小林製薬の社外重役はブルーレット?置くだけじゃ経営は洗浄できない 創業家と決別する覚悟を
小林製薬株が再発防止策をまとめました。紅麹を素材に使った製品による甚大な健康被害を検証した調査書をもとに品質・安全、コーポレートガバナンスなどの改革が軸になっていますが、甚大な被害を引き起こしたのは監視機能を失った創業家経営です。防止策として社外重役の機能強化を掲げていますが、以前はほとんど機能していません。「これから改革するぞ」と仕切り直しを強調しても、魂がなければ絵空事と同じ。ヒット商品「ブルーレット」は置いておくだけでトイレ洗浄できるそうですが、社外取締役を重視する経営改革の掛け声だけでは洗浄できません。問われているのは創業家と決別する覚悟です。
杜撰な経営が次々と
再発防止策は品質・安全、コーポレートガバナンス、意識改革の3本柱で構成されています。いずれも命や健康に深く関与するメーカーなら当たり前のことを改めて強調している印象で、がっかりの域を超えています。事件前までは生産ラインの管理は安全性よりも収益を優先し、国内外12ヶ所の工場の統括は事実上、1人の部長に任されていました。ちょっと信じられたない実態が次々と明らかになります。小林製薬の売上高、製品数を考えれば、あってはいけない、杜撰な管理という言葉しか出てきません。

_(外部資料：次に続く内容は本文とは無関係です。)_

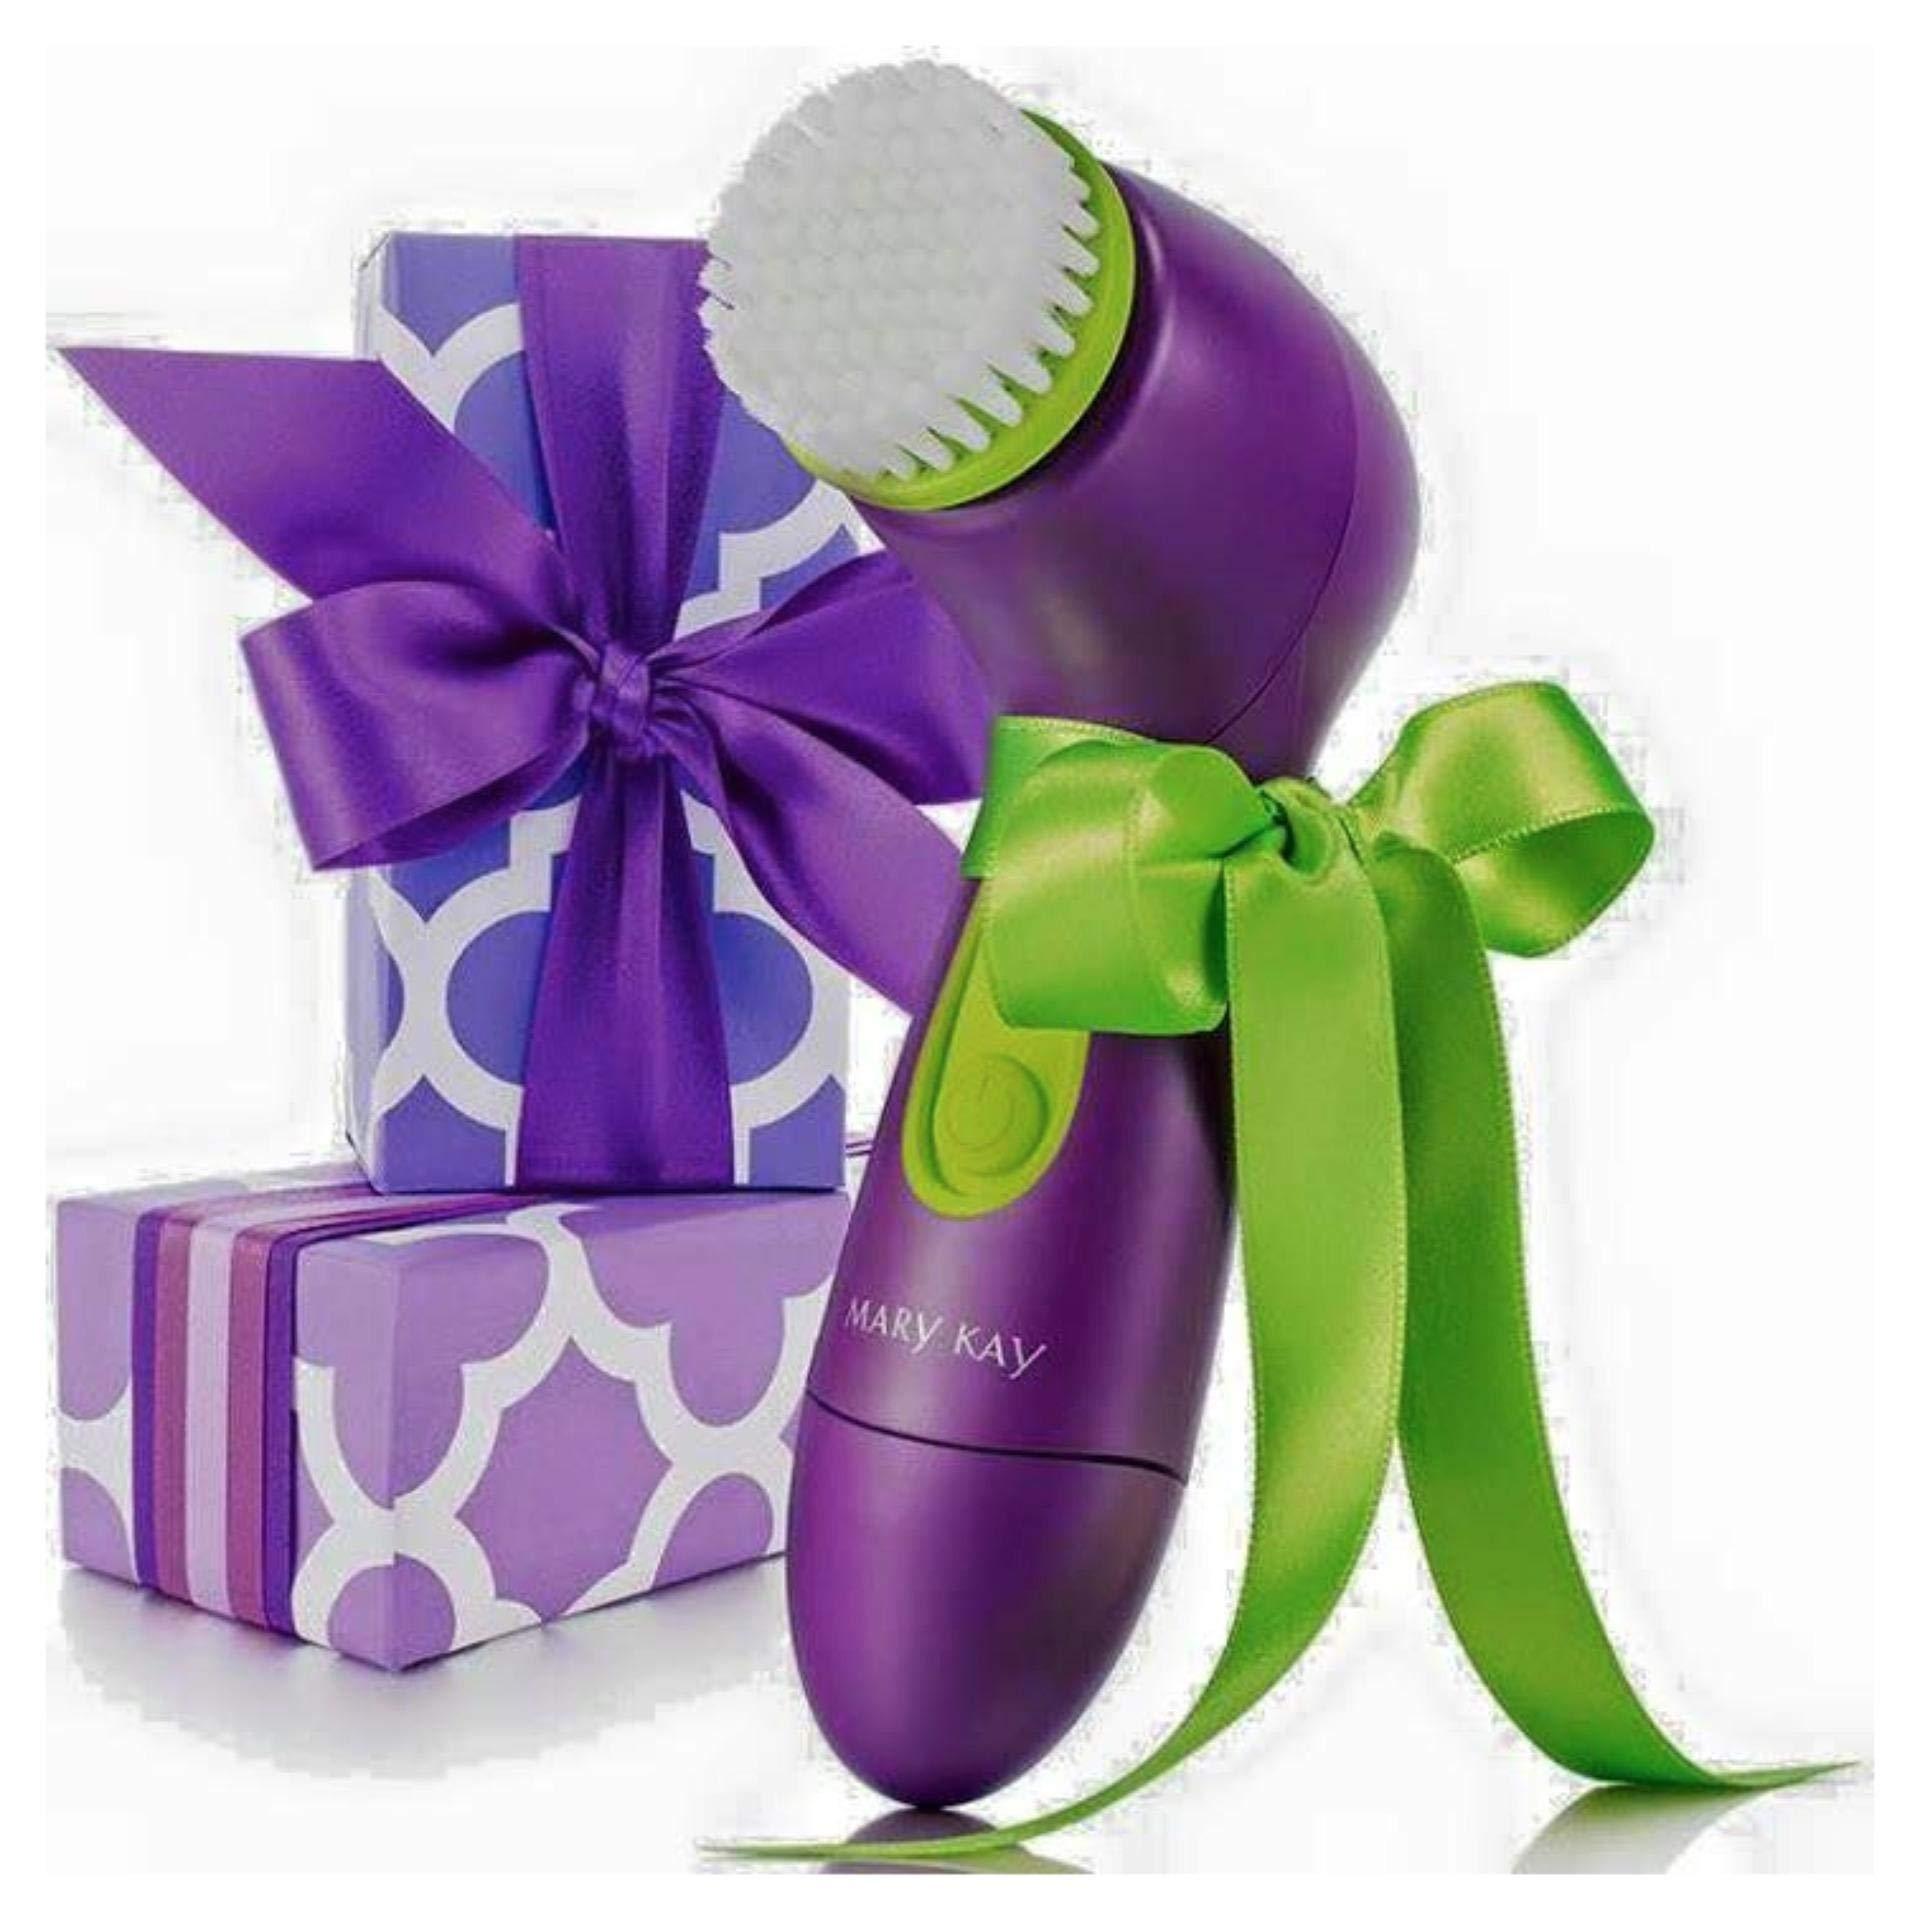 Mary Kay Skinvigorate Cleansing Brush Ltd Edt

呆れる経営管理の根底にあるのは創業家への過度な依存。再発防止に向けたスローガンが「 全員が一丸となって創り直す新小林製薬」というのですから、いかに創業家による家族経営だったかがわかります。長年、小林製薬の社内で当たり前だったことを「明日から変えよう」と連呼しても実践できるものではありません。再発防止策では専門部署の新設など組織改革の断行を列挙していますが、社内の意識が大きく変わらなければ絵に描いた餅です。
経営の全権を握る創業家出身者が支配する経営陣が現場の情報をどこまで知っていたのかも疑問です。事故の調査報告書では「現場任せの品質管理体制」との表現を使って経営全般の情報伝達・管理について批判しています。経営判断するのは創業家出身の会長、社長でも、その目と耳にはどんな情報が届けられていたのか。
社外取締役が経営改革を主導できるか
そして経営改革のカギを握る社外取締役は期待できるのでしょうか。取締役会議長はすでに会長から社外取締役に移譲されています。形式上は創業家の手から離れましたが、社外取締役がどこまで改革を主導できるのか疑問です。
なにしろ、これまでは社外取締役は事後報告を受けるだけの役割でした。調査委員会の報告を見ても、最初の症例報告から社外取締役へ情報が伝達するまで約 2か月も経過しています。社会常識からみれば、事件が深刻化するまで隠蔽されていたと認識して良いでしょう。
形式的に経営の実権が移譲されたといっても、小林製薬の社内常識を察すれば重要な情報を創業家の会長、社長に伝え、判断を仰ぐリポートラインが簡単に崩れると思いません。議長を務める社外取締役が過去の悪癖を消し去るほどの実力があれば良いのですが、2ヶ月後にようやく紅麹事件の報告が伝わる社外取締役の内実を思い返せばそんな期待は無理でしょう。新しく就任した社長はじめ面従腹背する人々の姿が目に浮かびます。
危機感と本気度が企業の存続を決める
もちろん、再発防止に向けた努力に期待しています。「今後、創業家依存から脱却する。まずは、新社長が旗手となり『品質・安全ファースト』を旨とする経営の舵取りを進める」「悪い話ほど率先して 迅速に報告すること(Bad News First)」の徹底する」と強調しています。
この危機感がどこまで本気か。経営改革を進めれば進めるほど、影の実力者として経営の実権を握り続ける創業家との軋轢が激しさが増す風景が容易に想像できます。社外取締役のみならず社員ら小林製薬に関わる人々の覚悟が、今後も企業が存続できるかどうかを決めるのです。